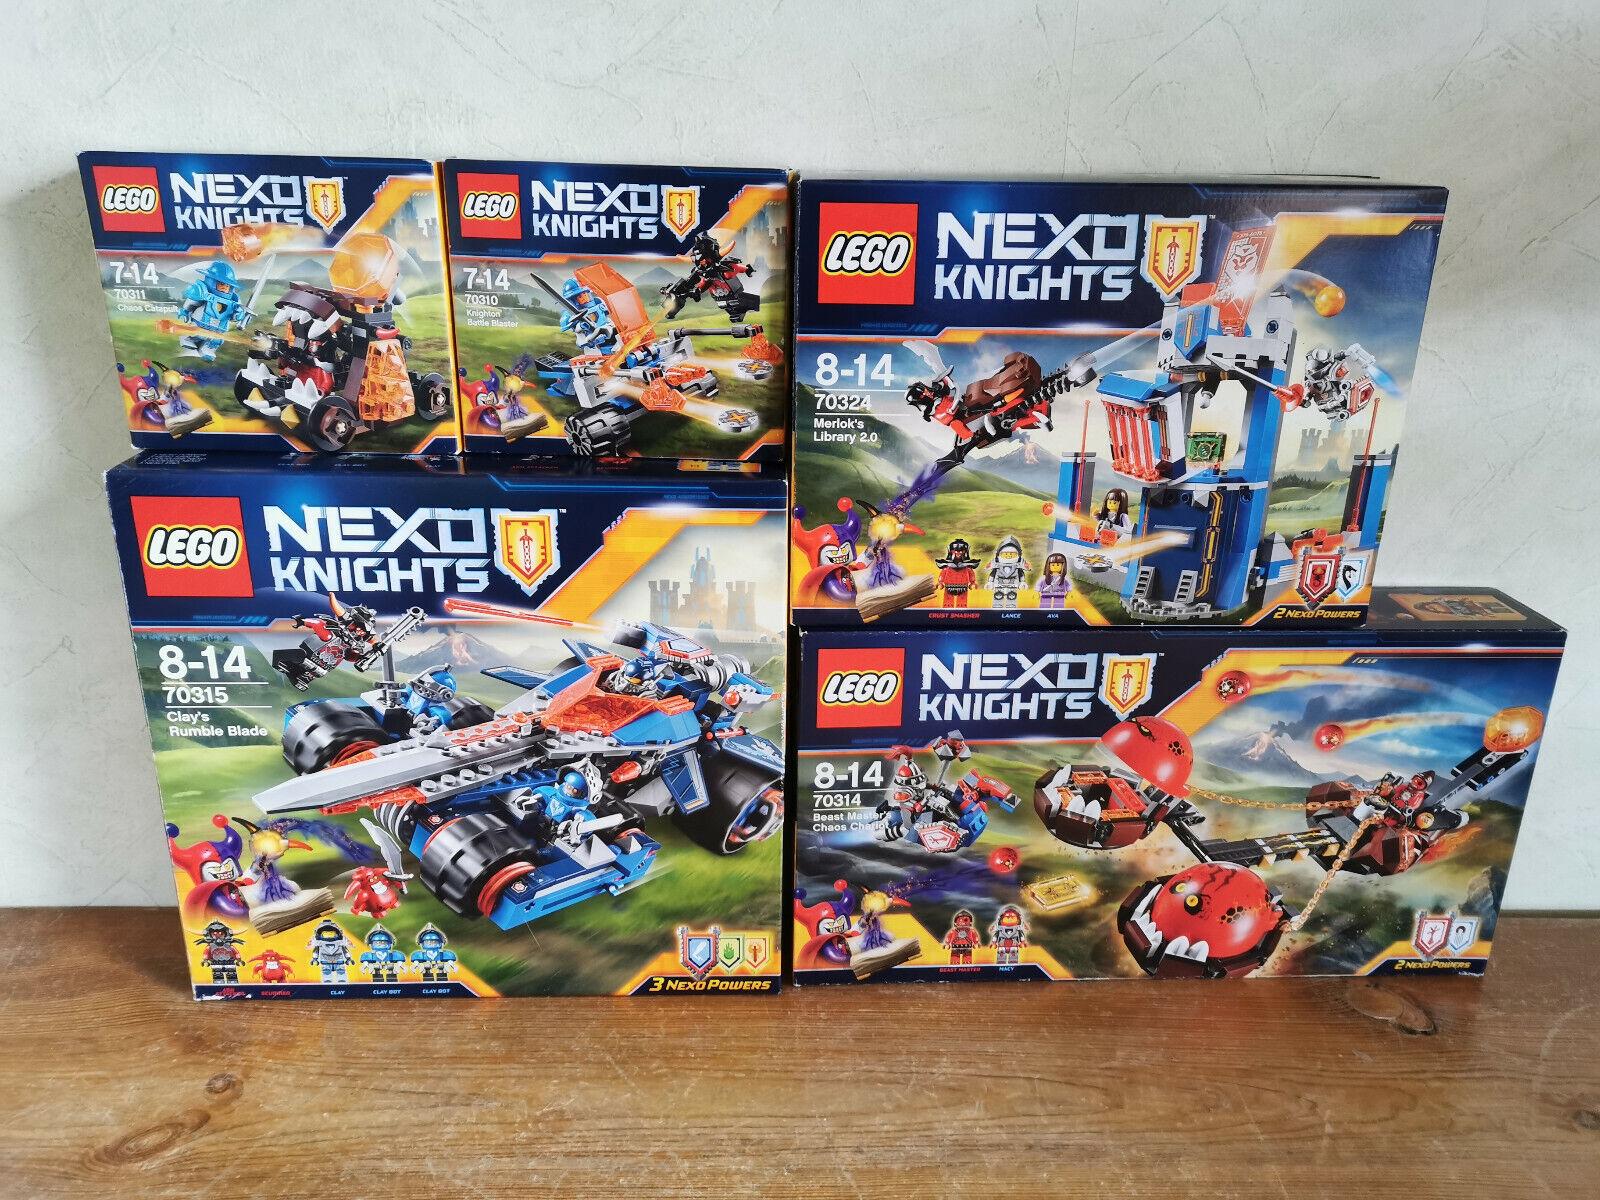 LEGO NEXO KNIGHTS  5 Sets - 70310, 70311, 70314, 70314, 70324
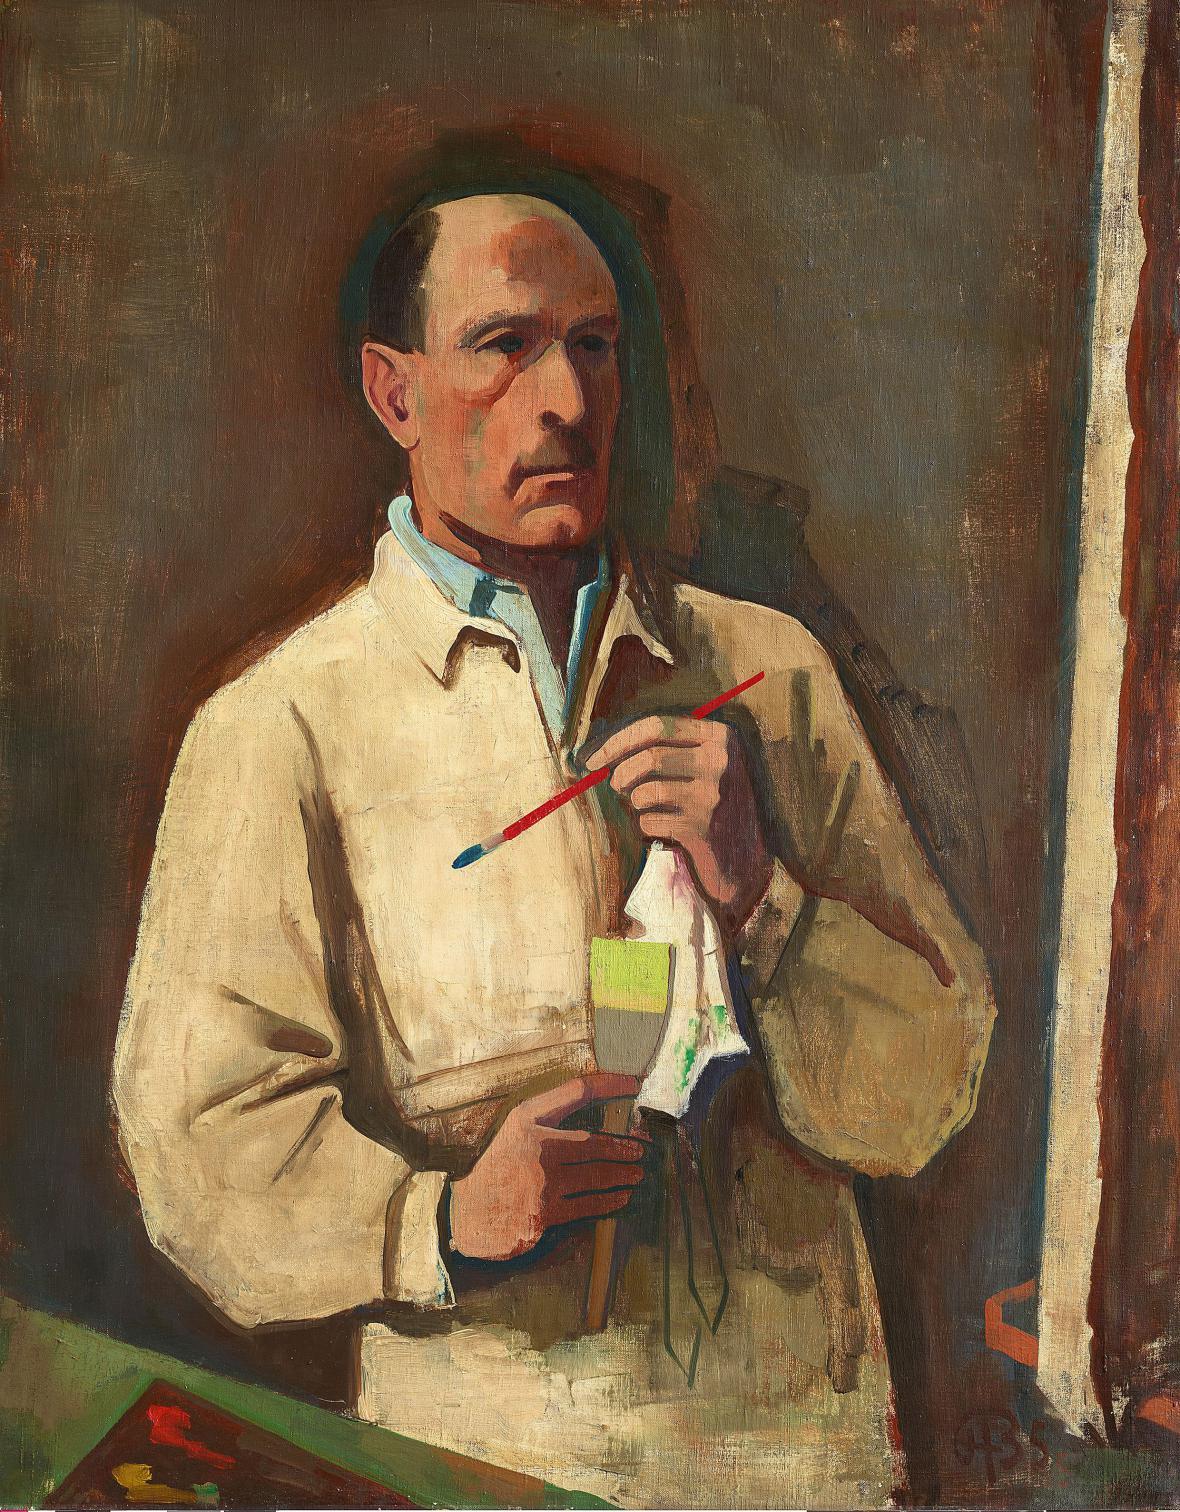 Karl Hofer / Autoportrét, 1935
************
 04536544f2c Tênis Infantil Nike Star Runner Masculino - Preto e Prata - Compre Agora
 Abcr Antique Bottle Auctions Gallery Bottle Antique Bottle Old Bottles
************
#### To do
Output exactly the stretch of the listing that begins at the line containing "LEGO NEXO KNIGHTS" and ends at the line containing "Karl Hofer / Autoportrét, 1935", both kept. Omit pictures and everything else.

#### Response to this exercise
 LEGO NEXO KNIGHTS  5 Sets - 70310, 70311, 70314, 70314, 70324
 Karl Hofer / Autoportrét, 1935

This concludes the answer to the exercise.